It has now been a well established fact that women pursue careers at nearly the same rate as men and they work fulltime at nearly the same rate as men. Those numbers have steadily increased for the last three decades. This has been the case long enough to help us create an informed opinion about the impact of these developments.
So, here are a few questions"
- Has women working fulltime outside the home been a good or bad development for the American family?
I believe it has been a good development for the American family. With women now choosing to continue going to school if that’s what they want, and getting higher educations, I see a vast improvement from when my grandmother didn’t complete the 8th grade because she was just a girl, and when my mom got an associates degree in business because that was the best she could do because she was expected to get married, and then when I earned a double bachelor’s degree and am now a nurse because I can accomplish my goals. Very big improvement. When all members of the family can reach for their dreams by their hard work, I think it can only make a family better and stronger. I know stay at home moms, and I know moms who work outside the home, and as long as it’s their choice, the whole family is happier.
- Has our culture improved since women entered the workforce in massive numbers?
Yes it has. To have both partners in a marriage educated and contributing financially is a positive effect. It’s not that women have to work outside the home that is positive, because they have their hands full with home responsibilities. It’s the fact that they have a choice, and can choose either way that has a positive effect.
- Are our children better or worse off?
They’re better off because they learn to get along with their peers better, they become more independent, and they use both parents as models and sources of inspiration. There was a time when girls thought that all they could do is grow up and get married and stay at home, having to stifle any dreams of becoming anything other than a school teacher or maybe a nurse. Now they can reach for those dreams because they’ve seen their moms and grandmothers do it. If a woman wants to stay at home and run a household, that’s their choice. If a child aspires to become a lawyer, doctor, accountant, tax preparer, emergency medical personnel, firefighter, teacher, welder, contractor, painter…she can reach for those dreams and not have to stifle them. That’s a good thing and everyone is better off.
- Has women working fulltime made this nation stronger, weaker, or no impact?
It has made this nation stronger where accomplishing goals is made into reality by one’s own diligence and hard work, rather than having to throw in the towel in defeat and humilation because one can’t reach for those dreams simply because they’re female. I can’t imagine being so suppressed. What an awful world to live in. That would be Hell. Having both parties work together to achieve not only their personal goals, but common goals - whatever their goals are - makes our nation stronger.

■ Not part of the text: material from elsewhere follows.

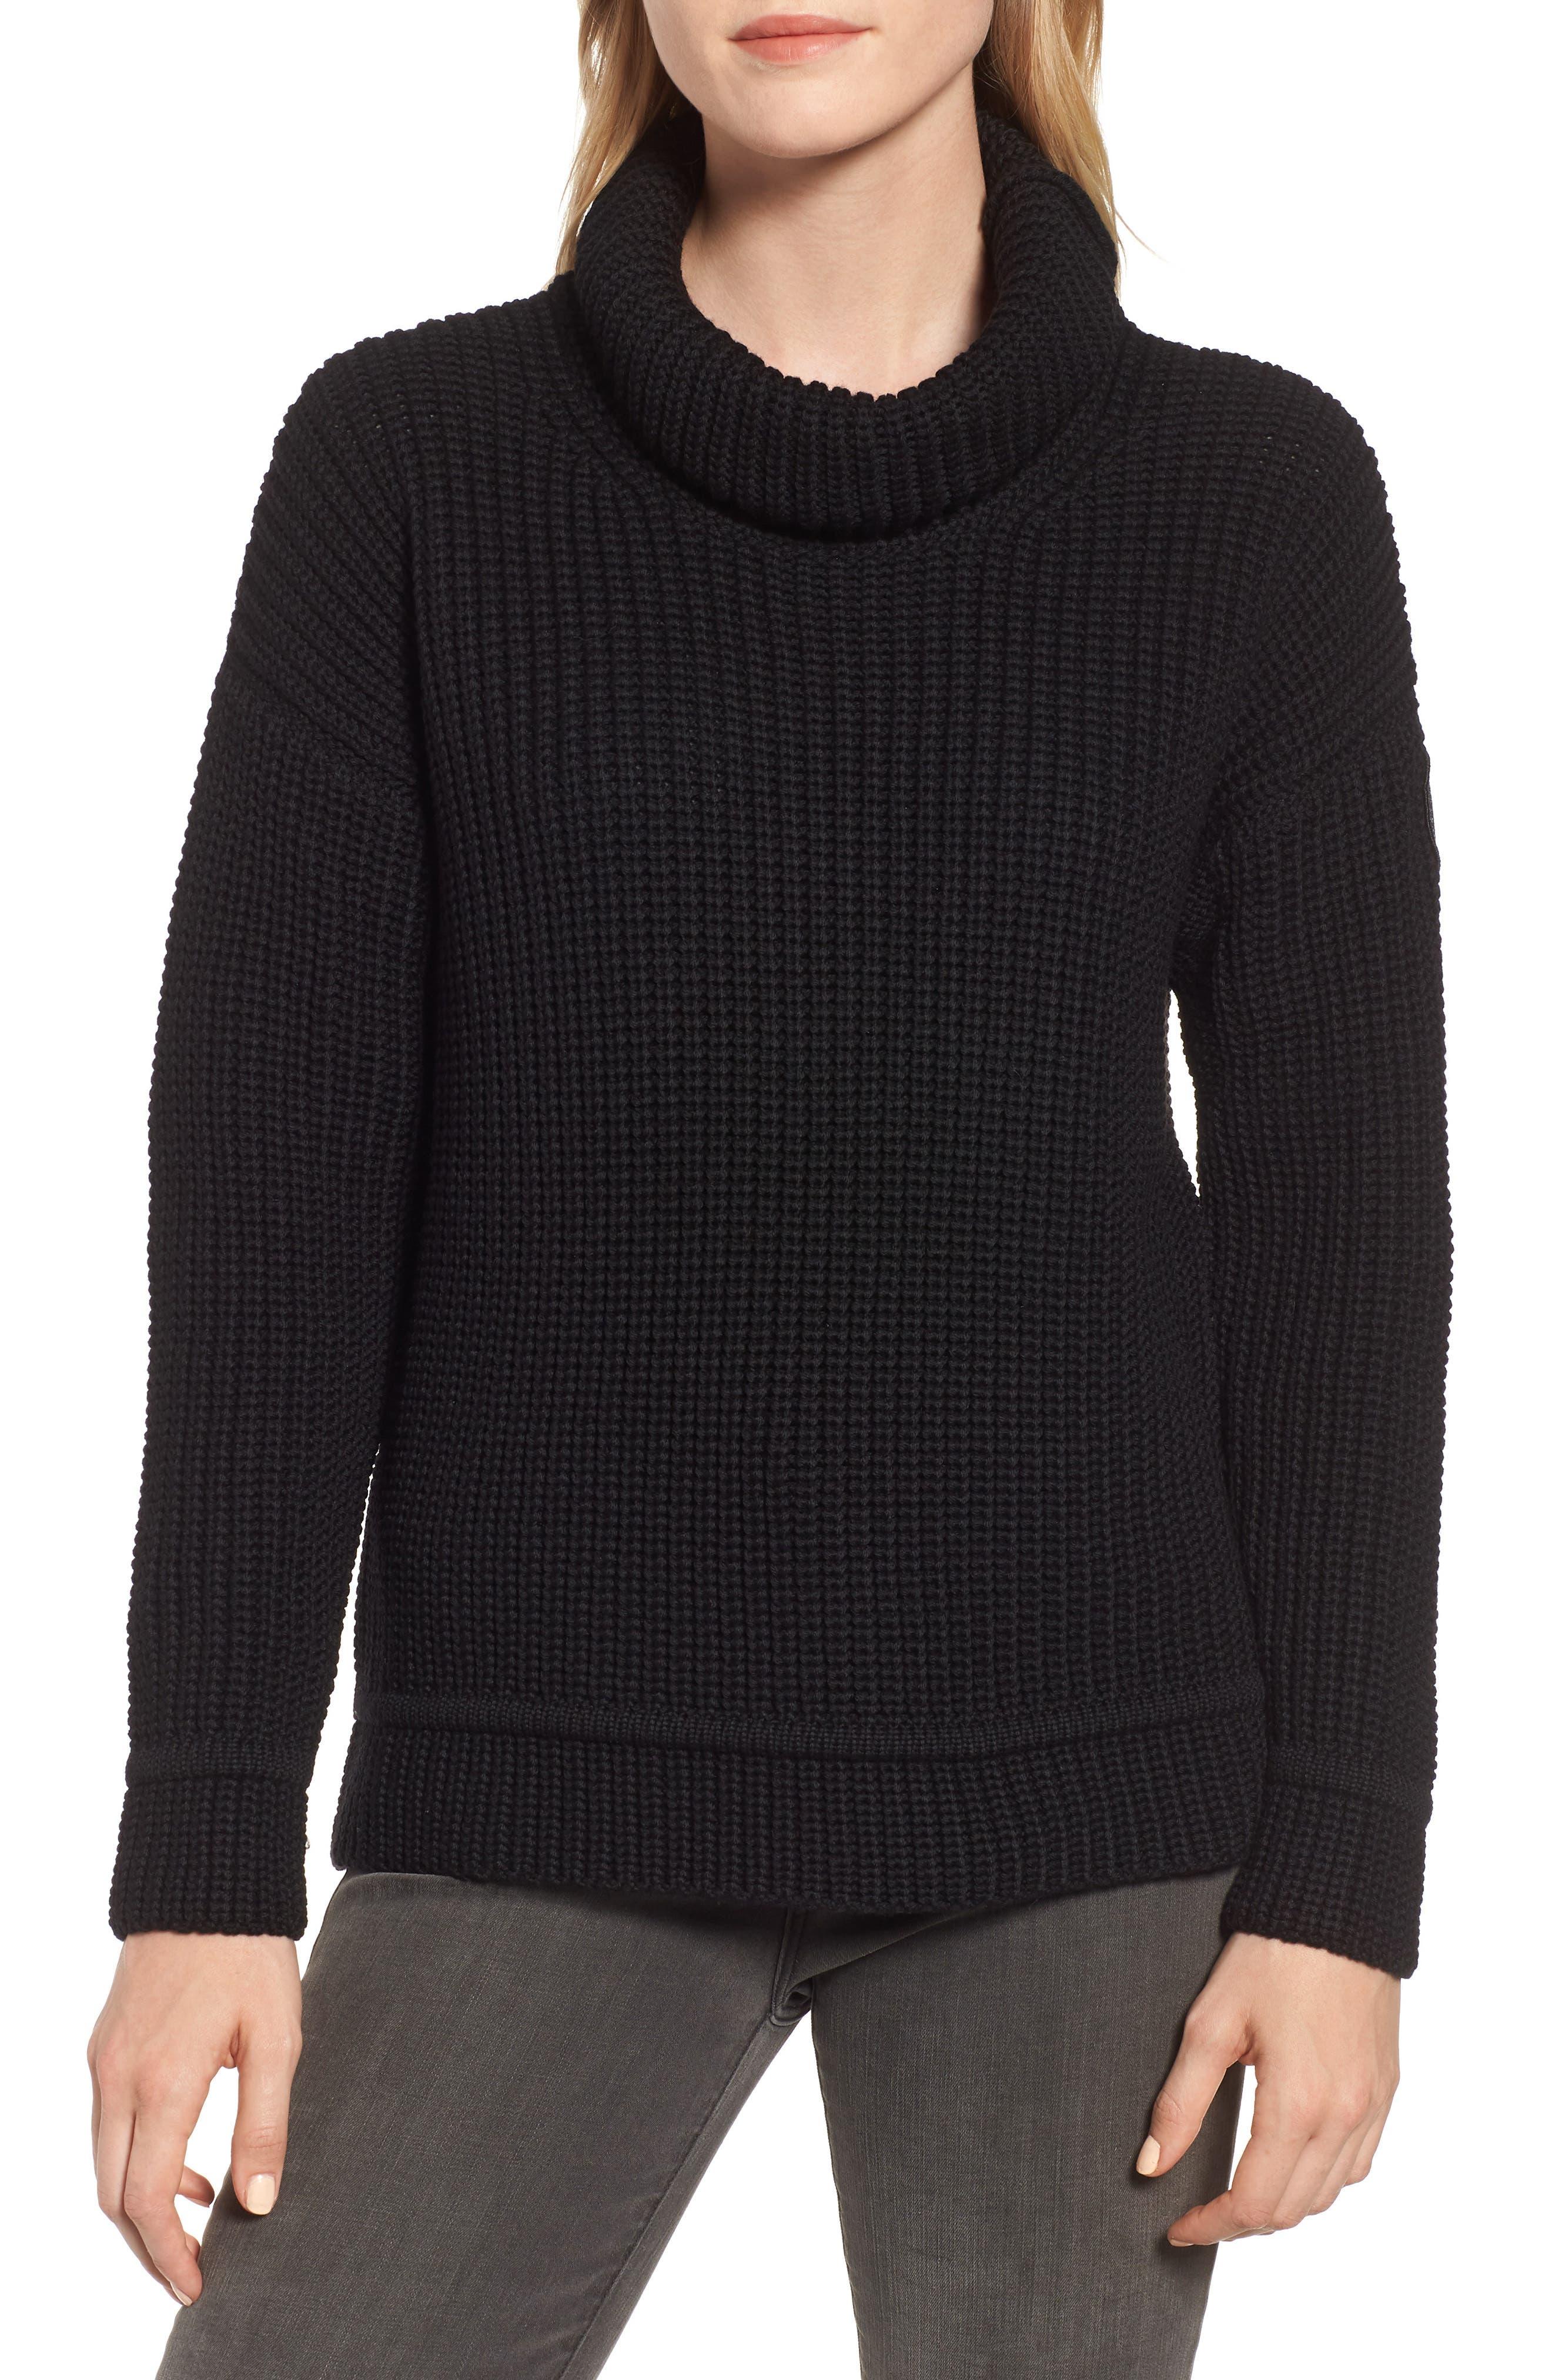 Williston Wool Turtleneck Sweater in Black

- Have our children become stronger or weaker in the faith?
I’ve seen the most religious of families be stronger in the faith, and weaker in the faith. The one thing I’ve correlated between stonger faith and family values is that if the father and mother go to Church regularly, the children are more inclined to do so later when they have a choice. If either parent doesn’t attend regularly without a valid excuse, the children are more likely to not go later. The women working in the family doesn’t mean that she cannot attend mass, and even if one or both parents have to be absent for a while, it’s not forever. That’s usually a temporary situation. If the parents are strong in the faith, their children are more likely to be…that has nothing to do with the woman working or not working.
Add on question for married couples:
- Would women prefer to work and let their husbands stay at home and care for their children? Or, would women rather both spouses work?
I’m not married yet, but I wouldn’t mind letting my future husband stay at home and care for the kids and farm…if that’s what he does. And some men do it very well. If I can make enough to support the whole family (unlikely considering today’s economy), then I wouldn’t mind if he stayed home and ran the fort. If I’m working full time, and he’s staying at home, when I come home from work, I want to do nothing more than helping where he didn’t have time to finish, tying up loose ends, and spending time with children together. I’m lucky…I work three or four 12-hour shifts in a row. When I come home, during those work days I don’t have very much time or energy to do much, before going to bed. But there are three to five other days in a row that I can do a lot. But if future hubby chooses to hold down the fort for those three or four days, completely by himself, he’s home free the rest of the days because I’ll be home with him. I think working five 8-hour days is more restrictive…but that’s just me…
However, if my salary is not enough, I do expect him to go out and get a job and earn some income. Just because a woman works, doesn’t mean she’s not a mom too and not still responsible for running the fort. Therefore, it should be the same for the man. If it’s needed for him to go out and get a job, then he should. In an ideal situation, both parents work and both parents run the fort.